(Assignment) An exact, complete printout of the listing is wanted, minus its images.

(Available data)
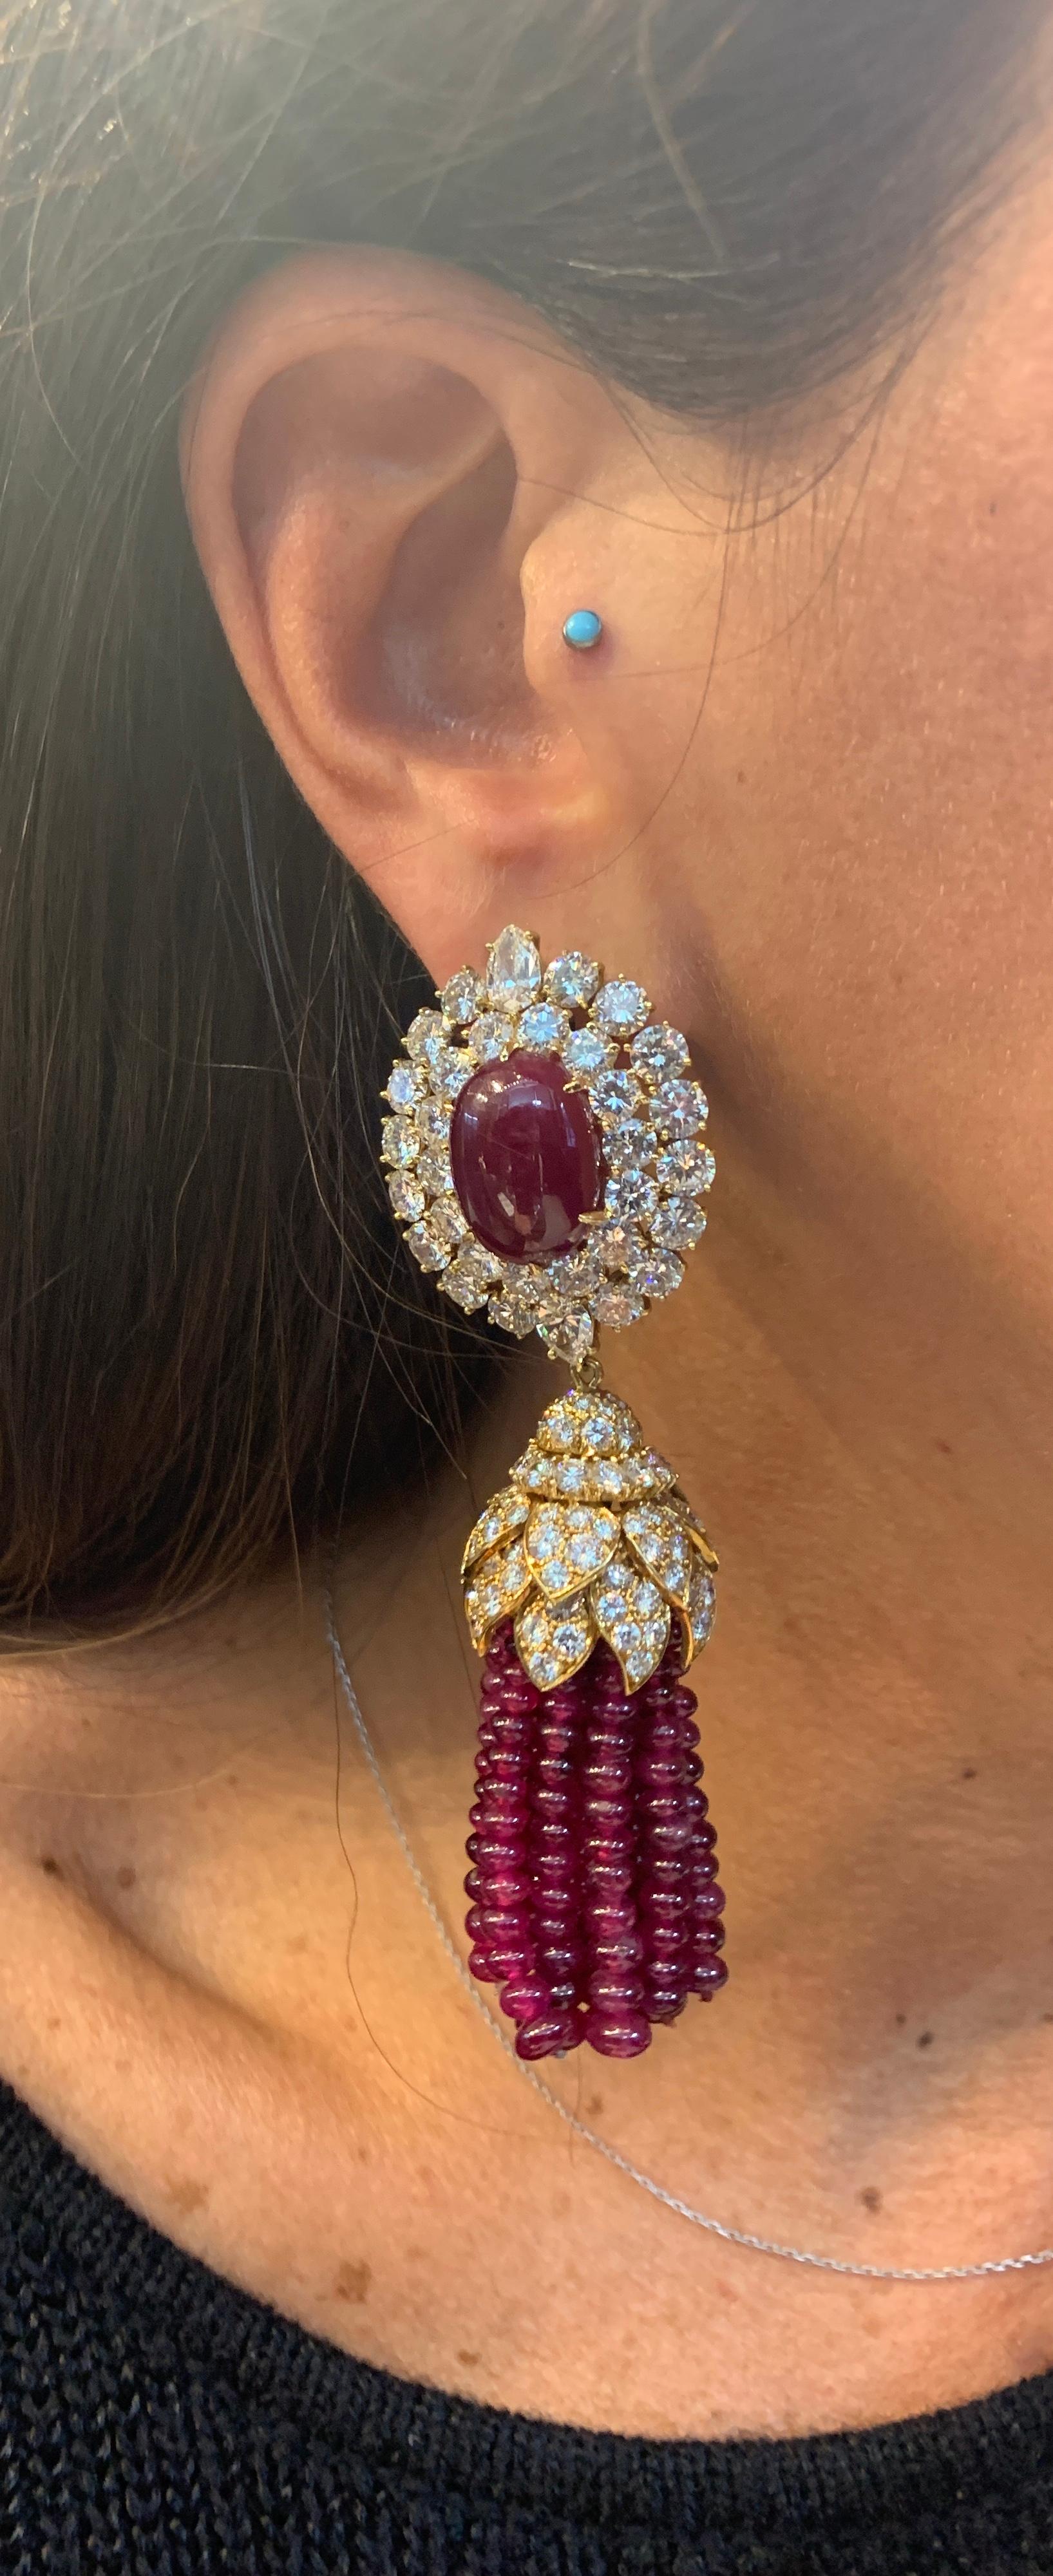 Magnificent Van Cleef & Arpels Day and Night Tassel Earrings

Cabochon rubies, ruby beads and diamonds

Detachable tassels. Both top and bottoms are all signed and numbered

(Response)
 Magnificent Van Cleef & Arpels Day and Night Tassel Earrings

Cabochon rubies, ruby beads and diamonds

Detachable tassels. Both top and bottoms are all signed and numbered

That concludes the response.